Tuesday, July 03, 2007

From Popper to Pearson

Last night I sat in front of the telly reading through some newspaper articles from The Weekend Australian (June 30-July 31). Included was an article by Noel Pearson headed ‘Needless Misery’. In the article he said: "[W]hat policies do we need so that all avoidable suffering is avoided in our society? We cannot remove evil from the world and I am not basing our hopes of escaping avoidable suffering on supra-human powers. I am asking us to use our considerable human powers to escape avoidable suffering. This is a question for our social policy: are our policies maximising the avoidance of such suffering? The answer is no. There is too much misery – chiefly endured by the disadvantaged in our society, the lowest classes – that is avoidable. And we do not need to achieve a socialist nirvana to relieve this suffering. I suggest that we can and must aim to hold a capitalist democracy to account to be consistent with the eradication of avoidable suffering."

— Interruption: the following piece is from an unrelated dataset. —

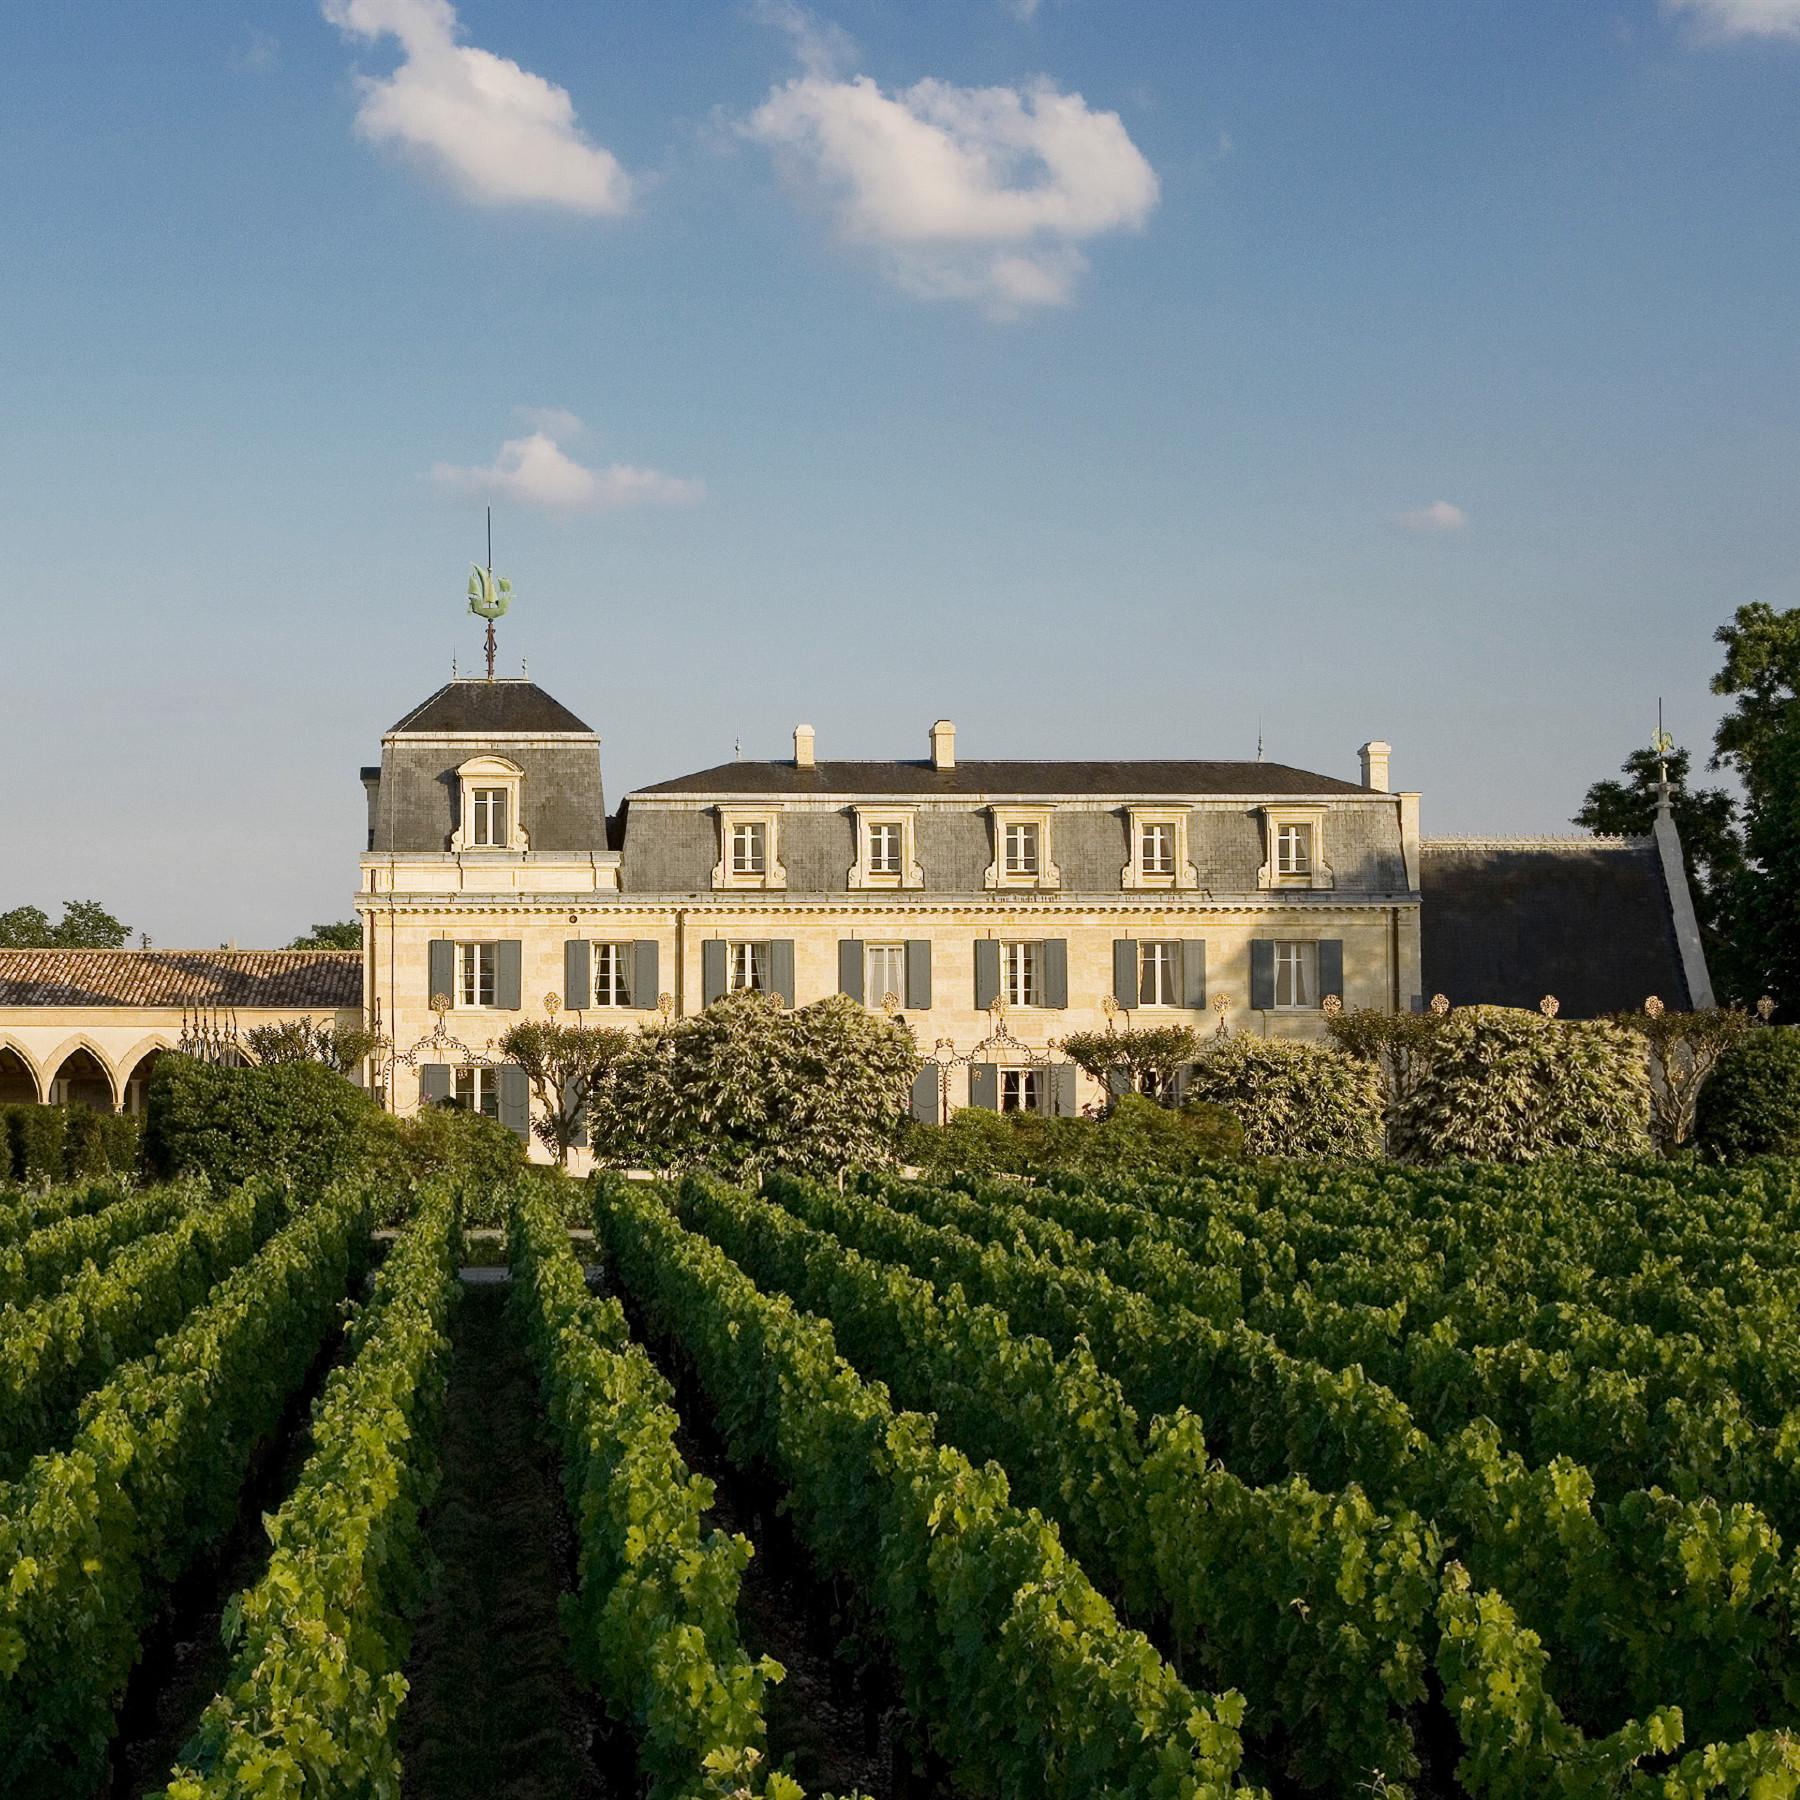 美讯酒庄(Chateau La Mission Haut-Brion)

When I read this I immediately recalled the teaching of Karl Popper in his classic ‘The Open Society and Its Enemies’. Get a load of this summary by Magee in his brilliant and brief survey of Popper’s philosophy:
"The general guiding principle for public policy put forward in The Open Society is: ‘Minimize avoidable suffering’….The Popperian approach has this consequence right across the board: instead of encouraging one to think about building Utopia it makes one seek out, and try to remove, the specific social evils under which human beings are suffering. In this way it is above all a practical approach, and yet one devoted to change. It starts from a concern with human beings, and involves a permanent, active willingness to remould institutions." (Popper Bryan Magee’ 84-85)
Maybe one the many reasons I like Pearson’s writing is that I find it to be so Popperian (and also so Christian, in that in focuses on the good of individual human beings without ignoring the fact that human beings always live in community).
Anyhow, in this post I have got to mention Popper, Magee, and Pearson (and the teaching of the Lord). Just the sort of post I like to present for the consideration of the multitudes of you who read my blog.